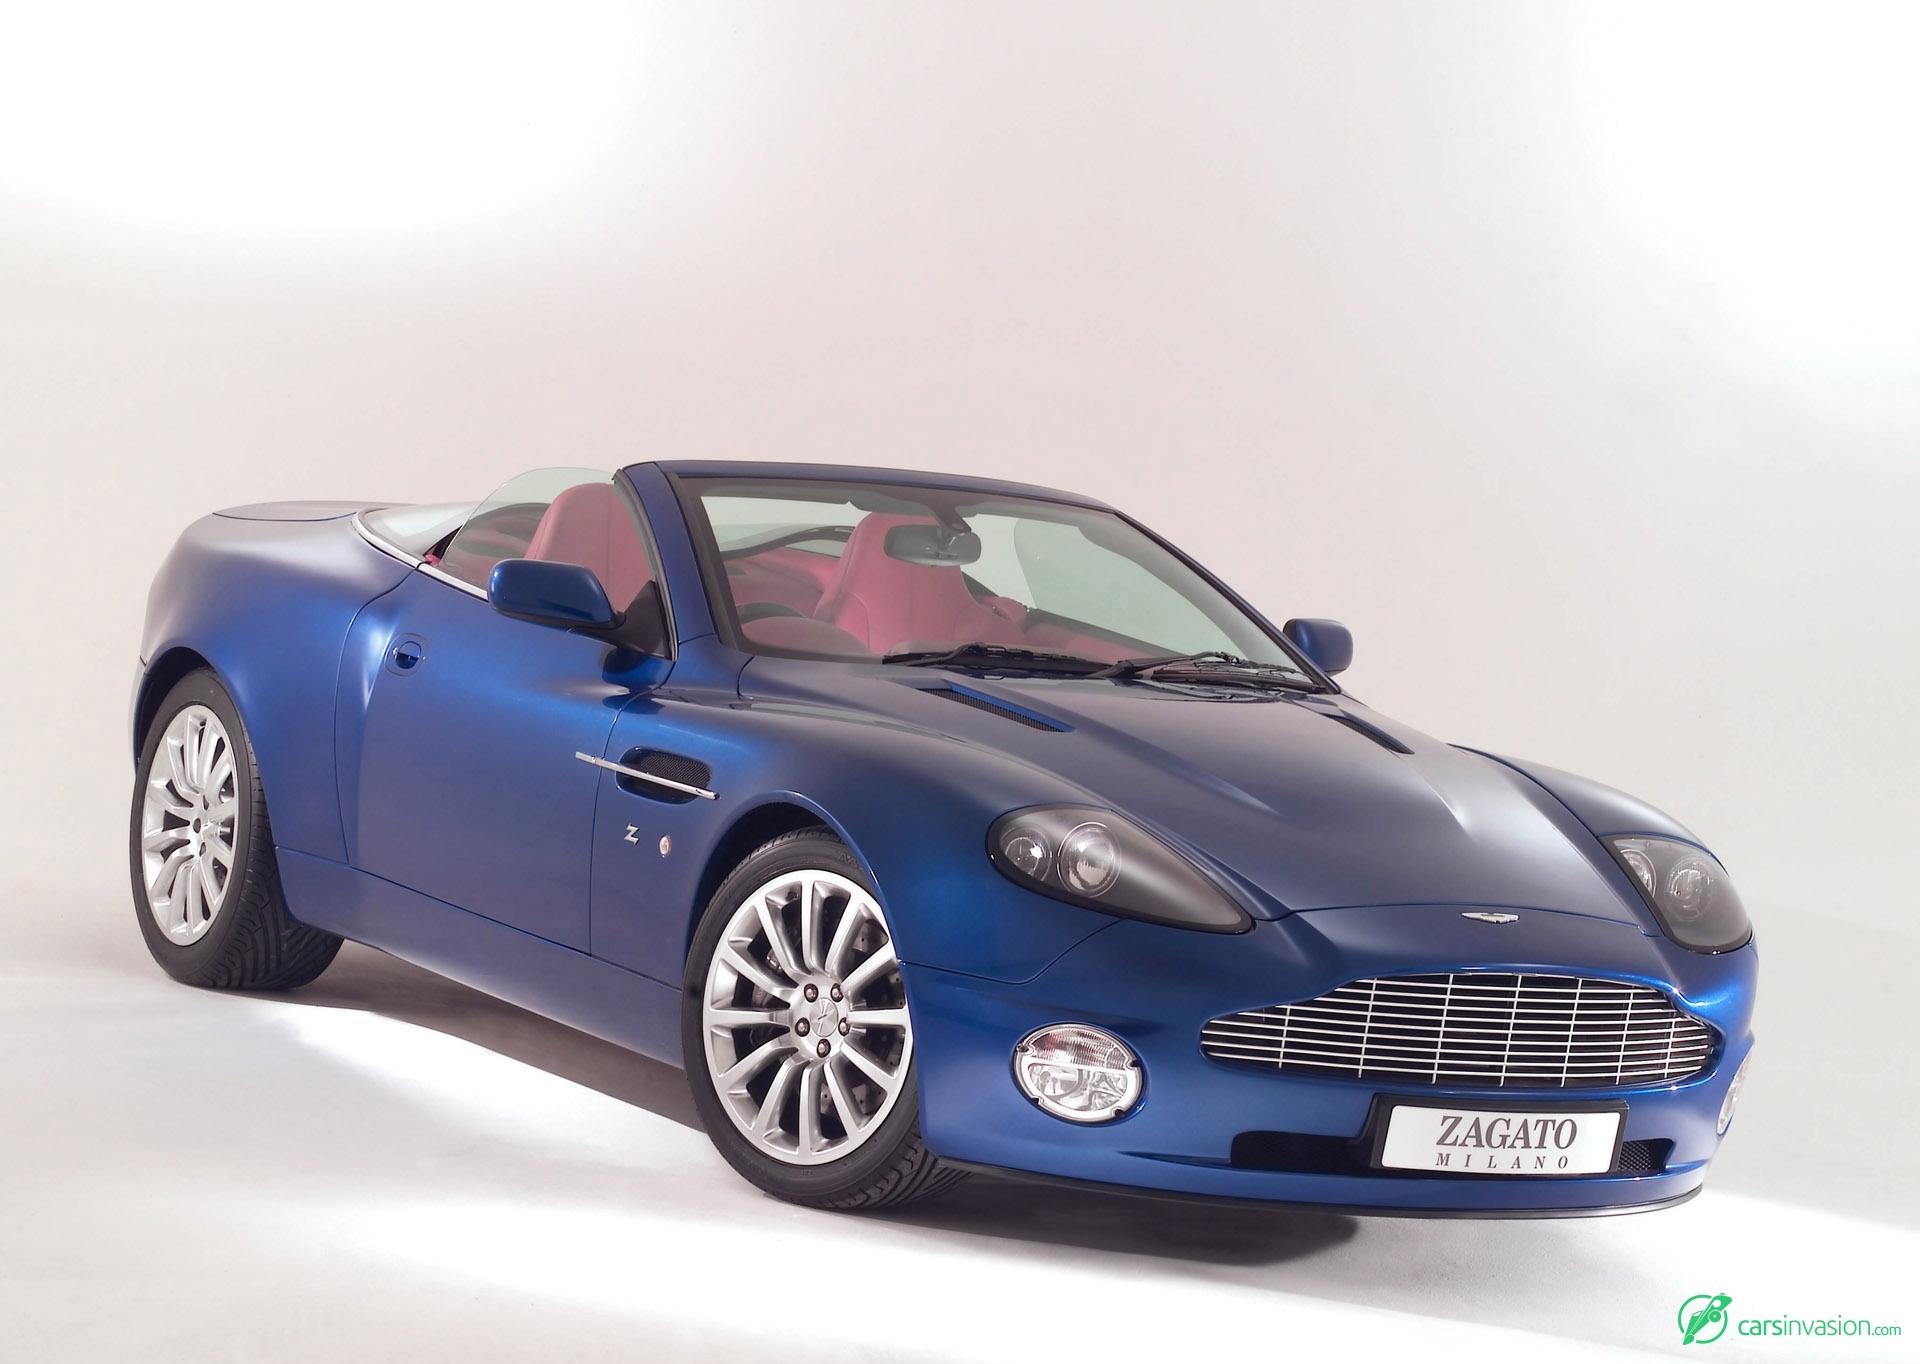 Zagato Aston Martin Vanquish Roadster HD Pictures - 2004 aston martin vanquish
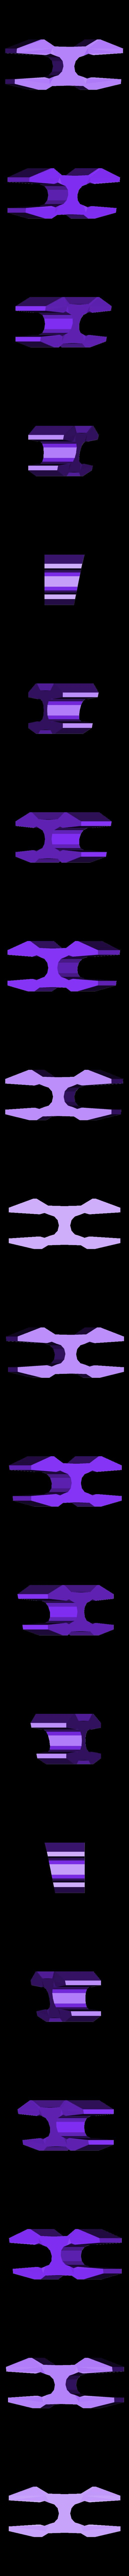 mini_T-34_hull-connector.stl Download STL file Mini T-34 • 3D printer model, c47
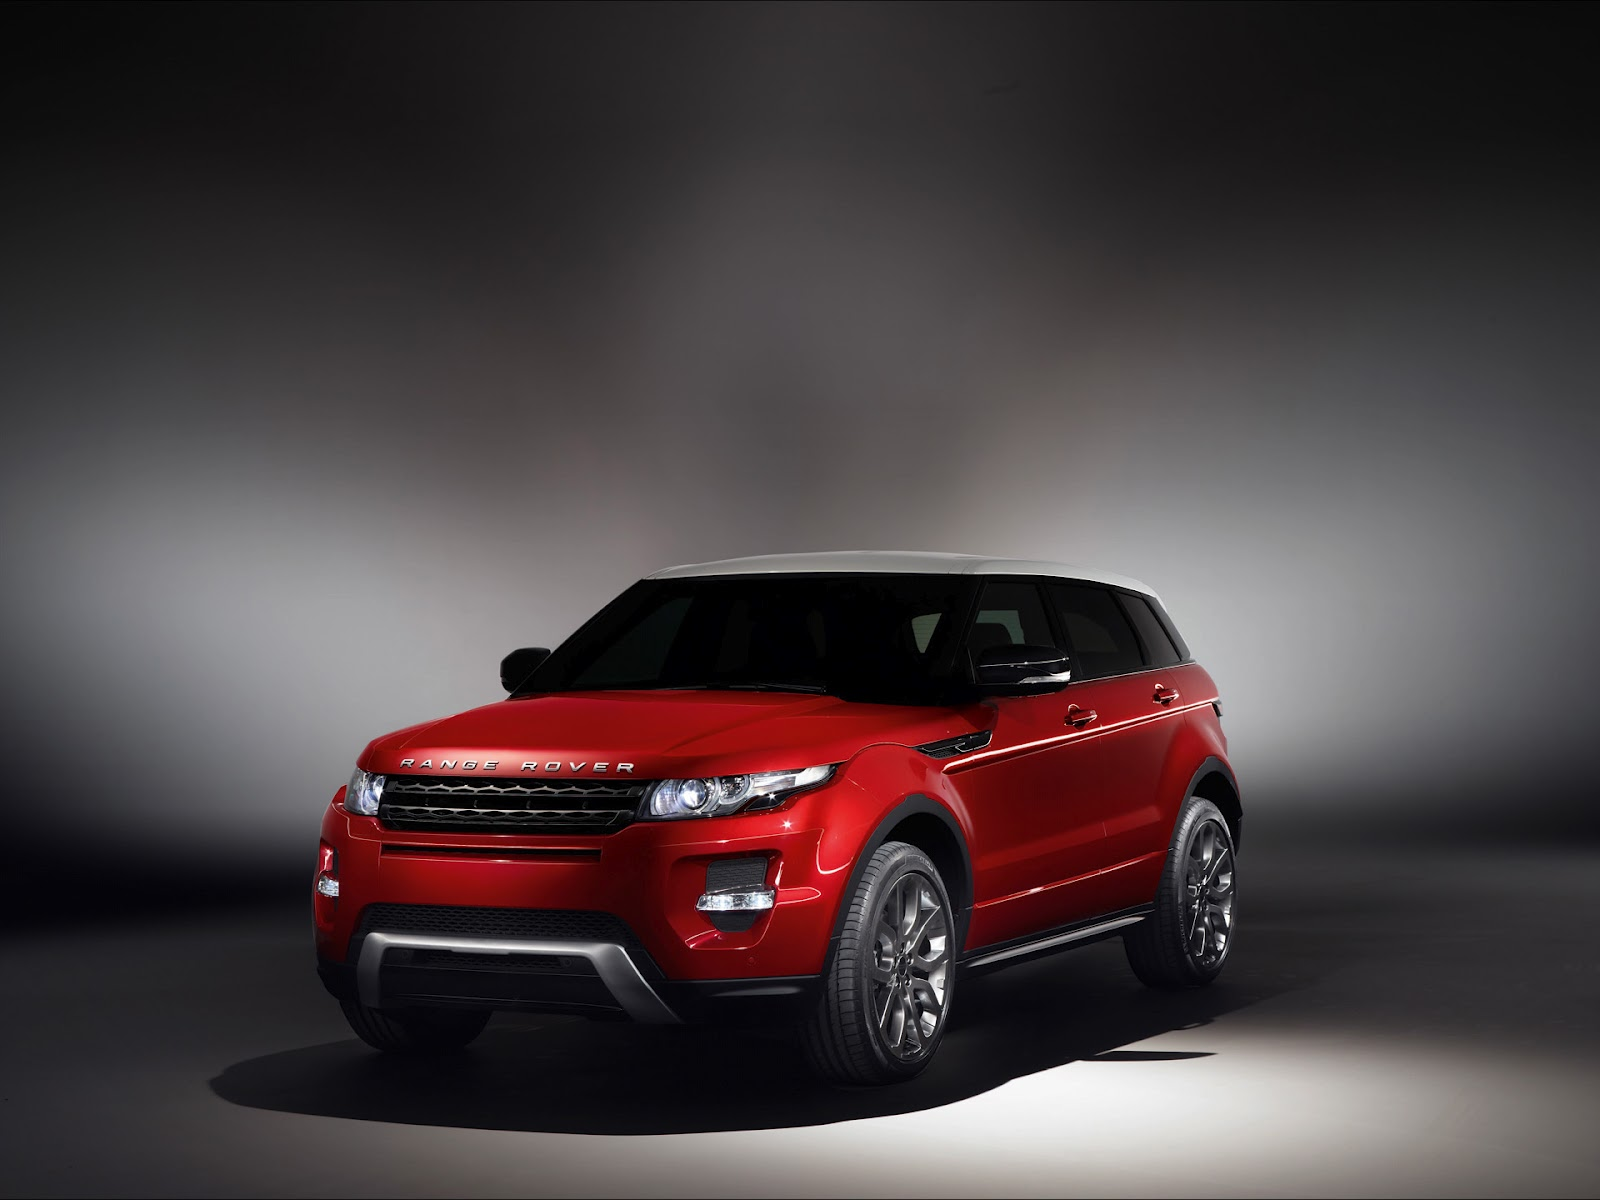 top 10 range rover evoque full hd wallpapers best range. Black Bedroom Furniture Sets. Home Design Ideas
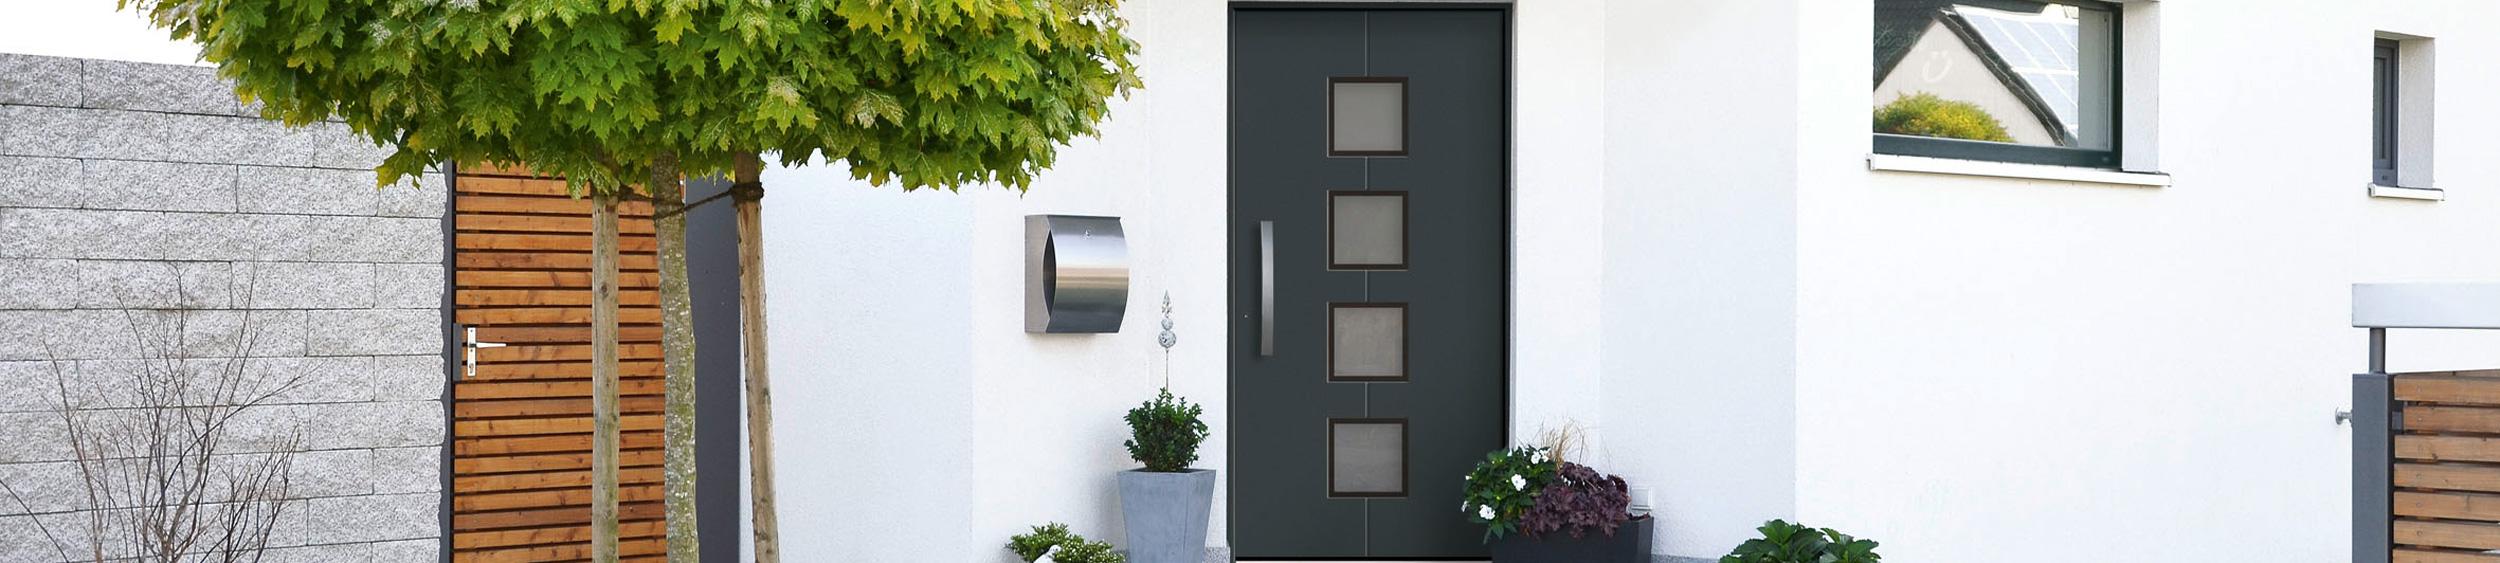 insektenschutz bock bauelemente. Black Bedroom Furniture Sets. Home Design Ideas

Action item — Repeat the listing in full and exactly. Leave any pictures out.

Output for this task —
 Zagato Aston Martin Vanquish Roadster HD Pictures - 2004 aston martin vanquish
 mini_T-34_hull-connector.stl Download STL file Mini T-34 • 3D printer model, c47
 top 10 range rover evoque full hd wallpapers best range. Black Bedroom Furniture Sets. Home Design Ideas
 insektenschutz bock bauelemente. Black Bedroom Furniture Sets. Home Design Ideas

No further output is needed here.